SAN FRANCISCO — Ready! Set! Hut, hut: This holiday season’s blitz of college football bowl games will feature a reshuffled roster of corporate sponsors spending millions to thrust their names in front of fans watching on television and in the stands.
The bowls haven’t disclosed their asking prices, but sports marketing experts contacted by The Associated Press estimated the annual cost for the top-tier games ranges from $25 million to more than $30 million. That’s up from $16 million to $20 million previously.
The substantial price increase probably prompted sponsors to reassess the value of the bowl affiliations, says Kevin Adler, chief engagement officer for sports marketing specialist Engage Marketing in Chicago.
Twelve of the 33 bowls returning from last year have sold their naming rights to new sponsors, including several that defected from one game to another. Five other bowls are making their debuts during this holiday season, and three of them – the Popeyes Bahamas Bowl, the Raycom Media Camellia Bowl and the Ford Motor Quick Lane Bowl – are kicking off with corporate affiliations.
Evolving sponsors have become part of the college bowl tradition since the games began auctioning off their naming rights several decades ago to help cover their rising costs.
The Holiday Bowl in San Diego has gone through seven sponsors since its 1978 inception.
While some college football fans still lament the commercialization of the sport, bowl directors say the games couldn’t go on without the naming rights fees to supplement the revenue from ticket sales and TV broadcasting rights.
“It’s critical, you can’t survive without a sponsor,” says Gary Cavalli, executive director of the Foster Farms Bowl in Santa Clara, Calif.
After selling its naming rights to two different corporate sponsors during the first 11 years of its existence in San Francisco, Cavalli’s bowl played last year without a business backer – and lost more than $100,000 despite cost-cutting efforts.
The bowl is in better shape after Foster Farms decided that attaching its name to a college bowl would be a good way to sell more chicken wings and other frozen food as the Livingston, Calif., company expands eastward.

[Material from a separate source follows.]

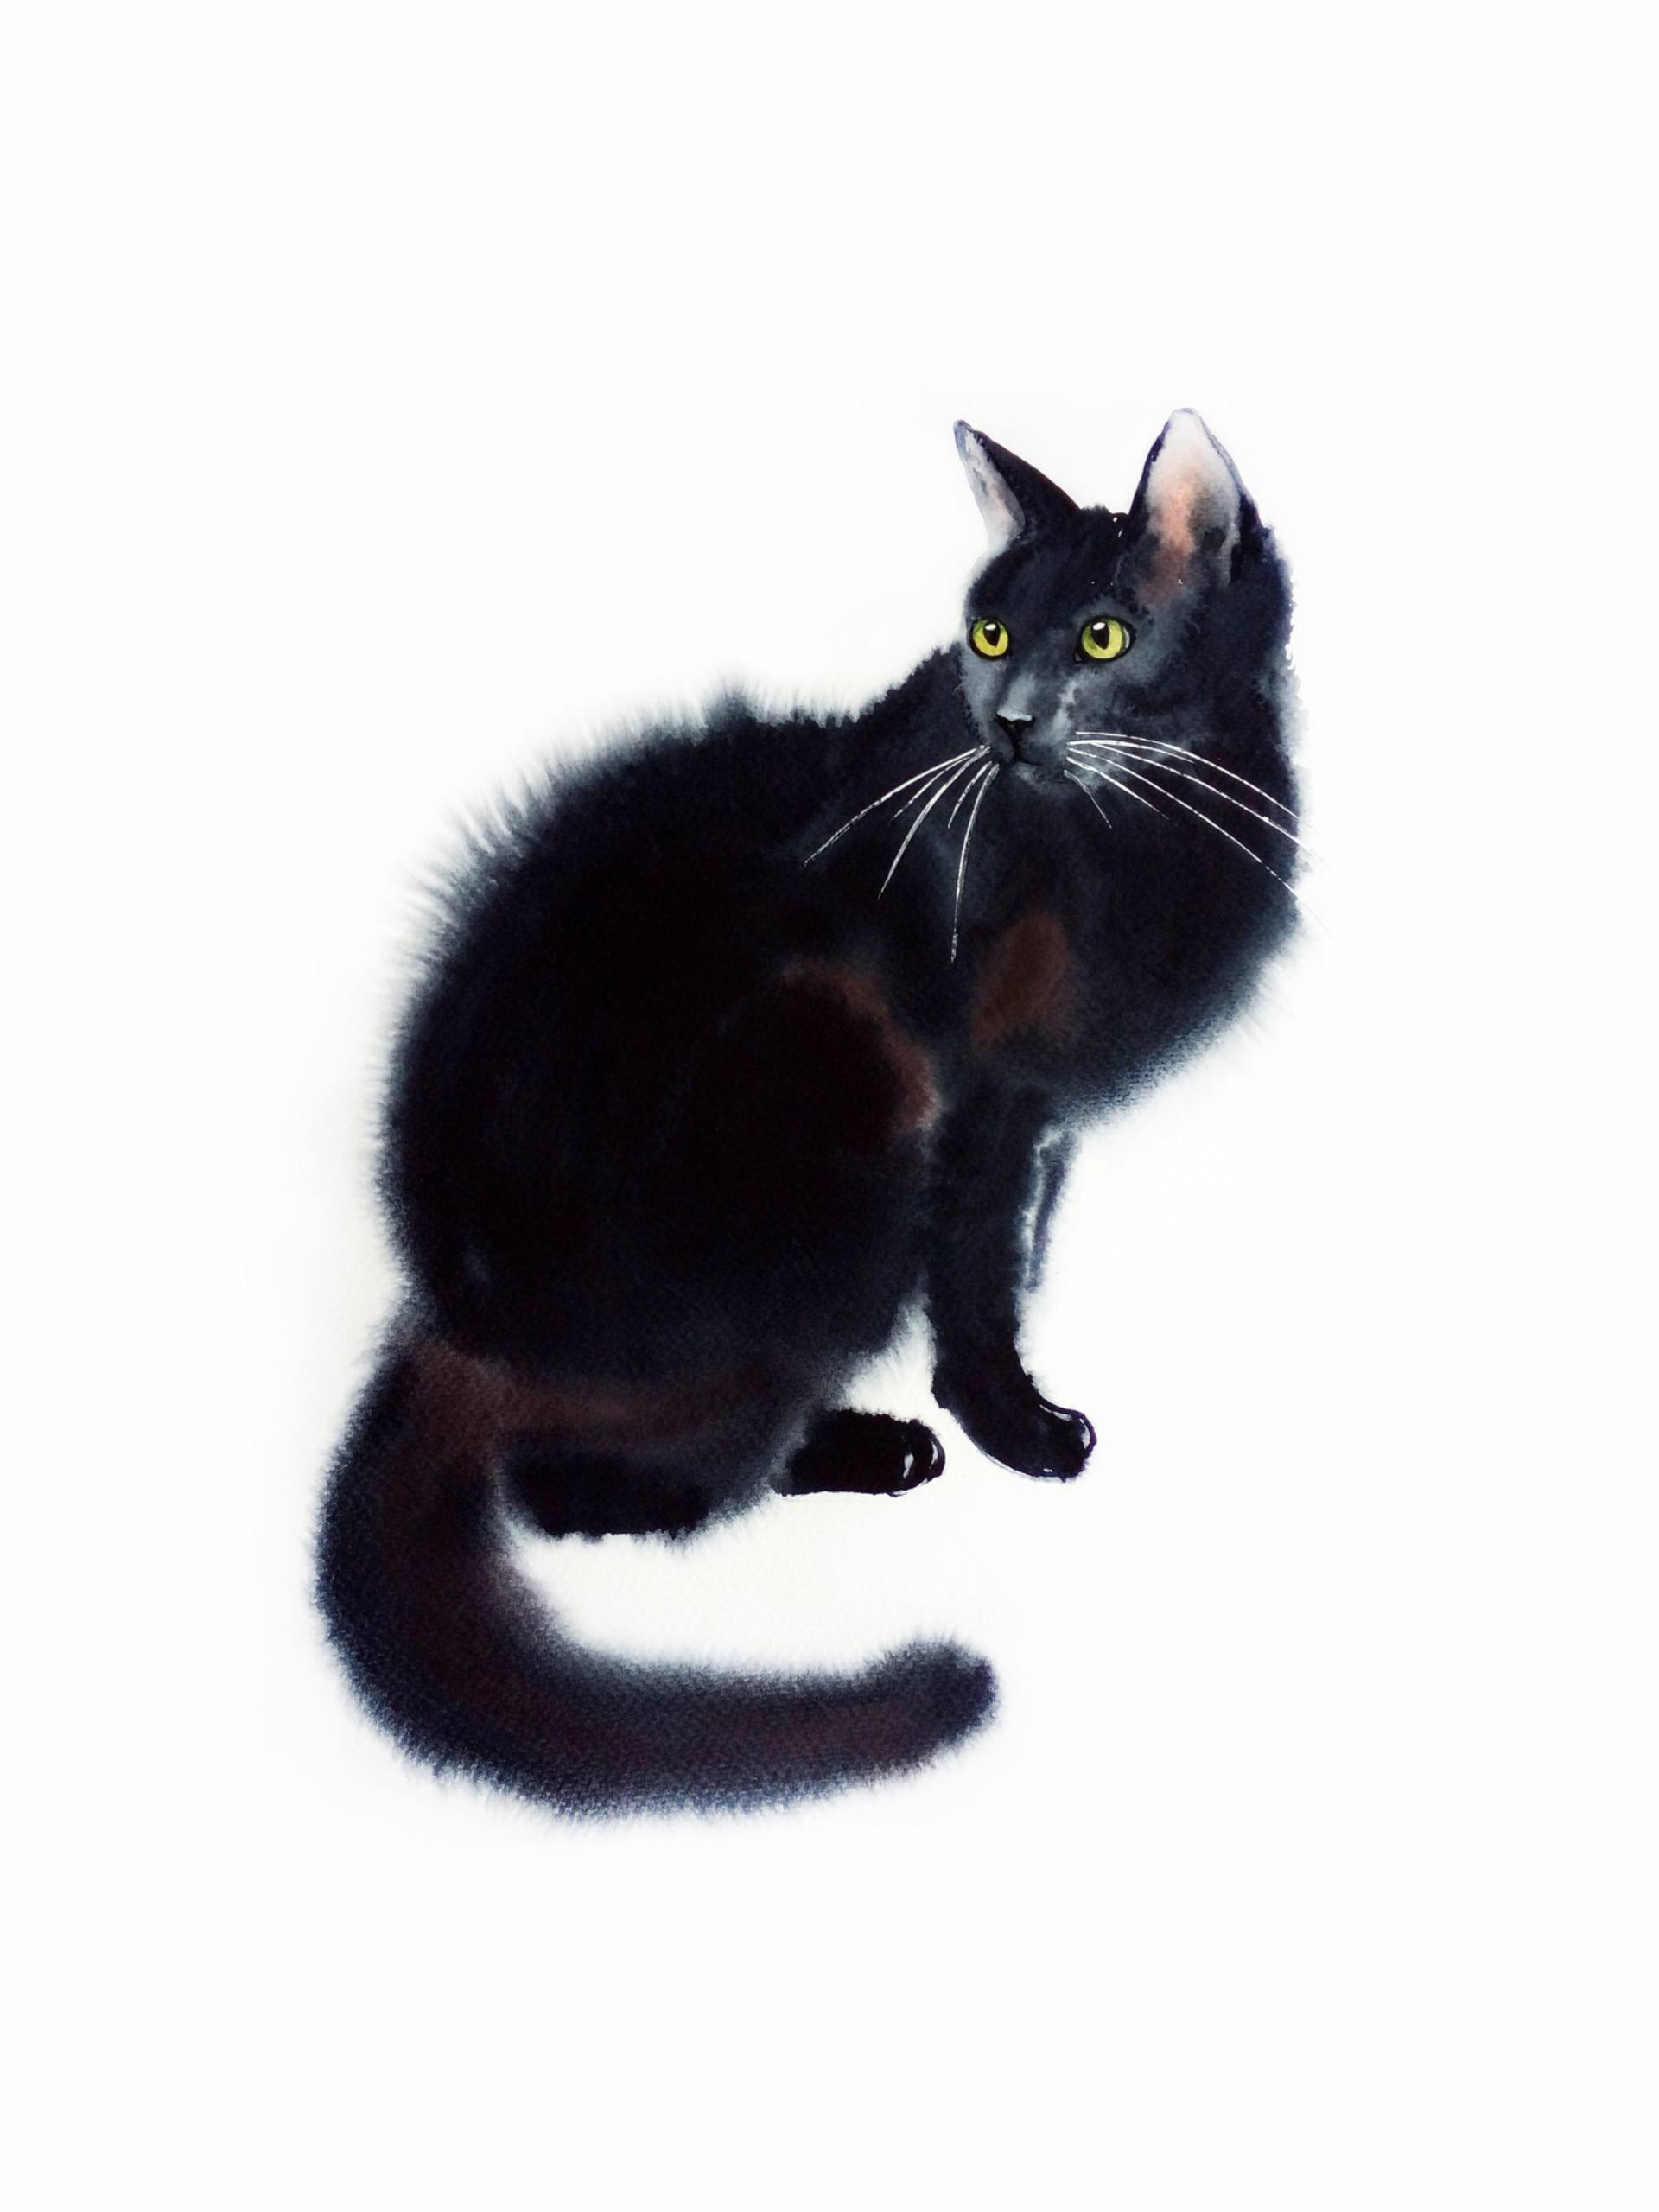 Saatchi Art: Black cat - black cat portrait - watercolor Painting by ...

“We know that Americans love football, and we know Americans love to eat chicken while they are watching football, so it’s a perfect fit from that perspective,” says Bryan Reese, Foster Farms’ senior vice president of sales, marketing and research and development.
Only four of the 38 bowl games scheduled to be played from Saturday through Jan. 4 weren’t able to sell their naming rights. Two of those, the Hawaii Bowl and the Birmingham Bowl, lost their sponsors from last year. The two others, the Boca Raton Bowl and Miami Beach Bowl, are being played for the first time this year.

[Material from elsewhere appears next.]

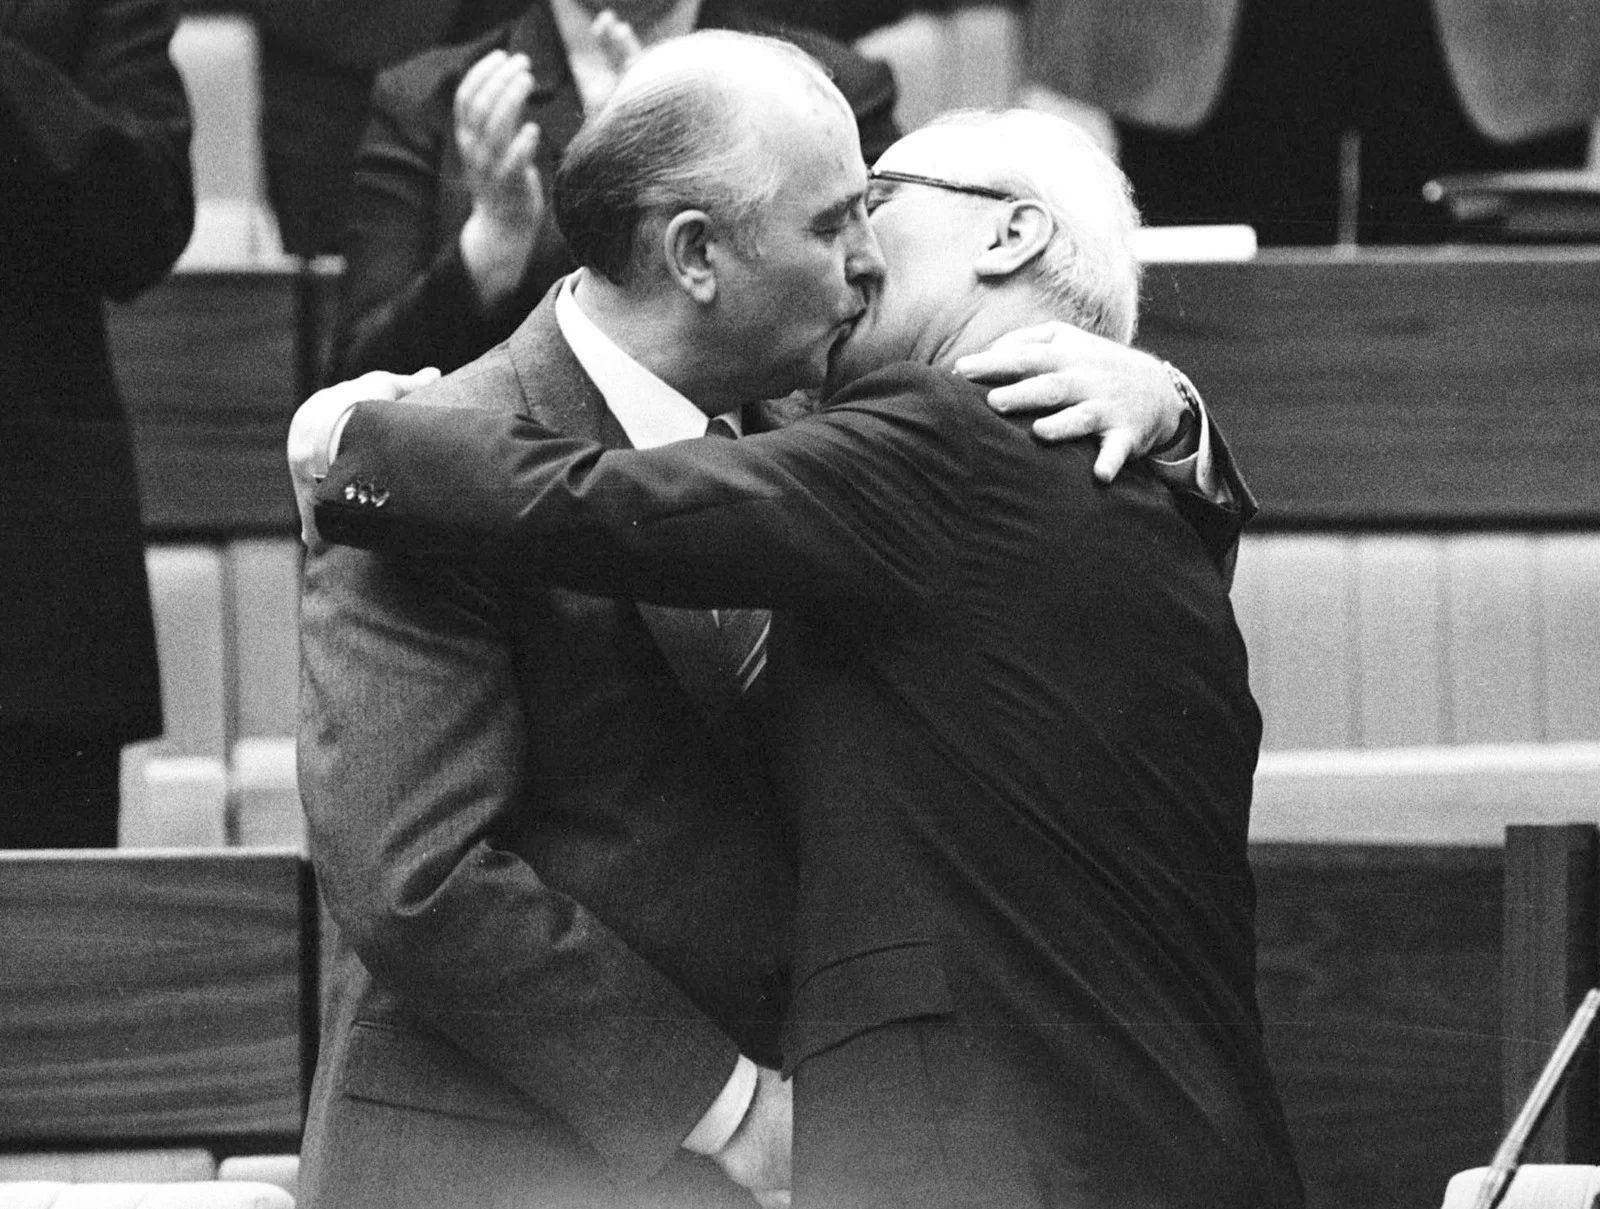 תמונת הנשיקה המפורסמת בין מיכיאל גורבצ'וב לבין אריך הונקר, מנהיג גרמנית המזרחית, לאחר בחירתו מחדש

This year’s revised line-up of bowl names stems in part from college football’s new system for determining a national champion. Four teams are now selected to compete in playoffs that begin with a semifinal round in two bowl games played on New Year’s Day. The semifinals will be played at the Rose Bowl and Sugar Bowl this season, then rotate among the Cotton Bowl, Orange Bowl, Fiesta Bowl and Peach Bowl.
The added drama of a playoff for the national championship prompted ESPN to pay more for the broadcasting rights to the games, resulting in an increase in the price for the naming rights.
Tostito’s said it ended its 18-year relationship with the Fiesta Bowl after deciding it wanted “to steer its marketing and growth strategies differently.” Without elaborating, Discover Financial traced its decision to stop sponsoring the Orange Bowl to the new playoff system.
Fiesta sold its naming rights to TV maker Vizio, which had previously backed the Rose Bowl, while the Orange Bowl lured Capital One away from the Citrus Bowl. Northwestern Mutual replaced Vizio at the Rose Bowl and Goodyear rolled into the Cotton Bowl after AT&T backed out from its naming rights deal.
With few exceptions, the bowls played before New Year’s typically sell their naming rights for $500,000 to $1 million annually.
“The cost is not exorbitant, so you get a pretty good bang for the buck,” says Jim Andrews, a senior vice president the sponsorship and consulting firm, IEG. “You don’t get blockbuster (TV) audiences, but those who do watch are pretty committed.”
Nevertheless, the money spent on bowl naming rights can turn out to be a waste if the buyer doesn’t have a concrete marketing plan.
“The first time someone in a company says, ‘Hey, we should sponsor a bowl game,’ there should be someone in the room who asks why,” Engage Marketing’s Adler says. “If no one pauses to answer the why question, those deals won’t be long-term.”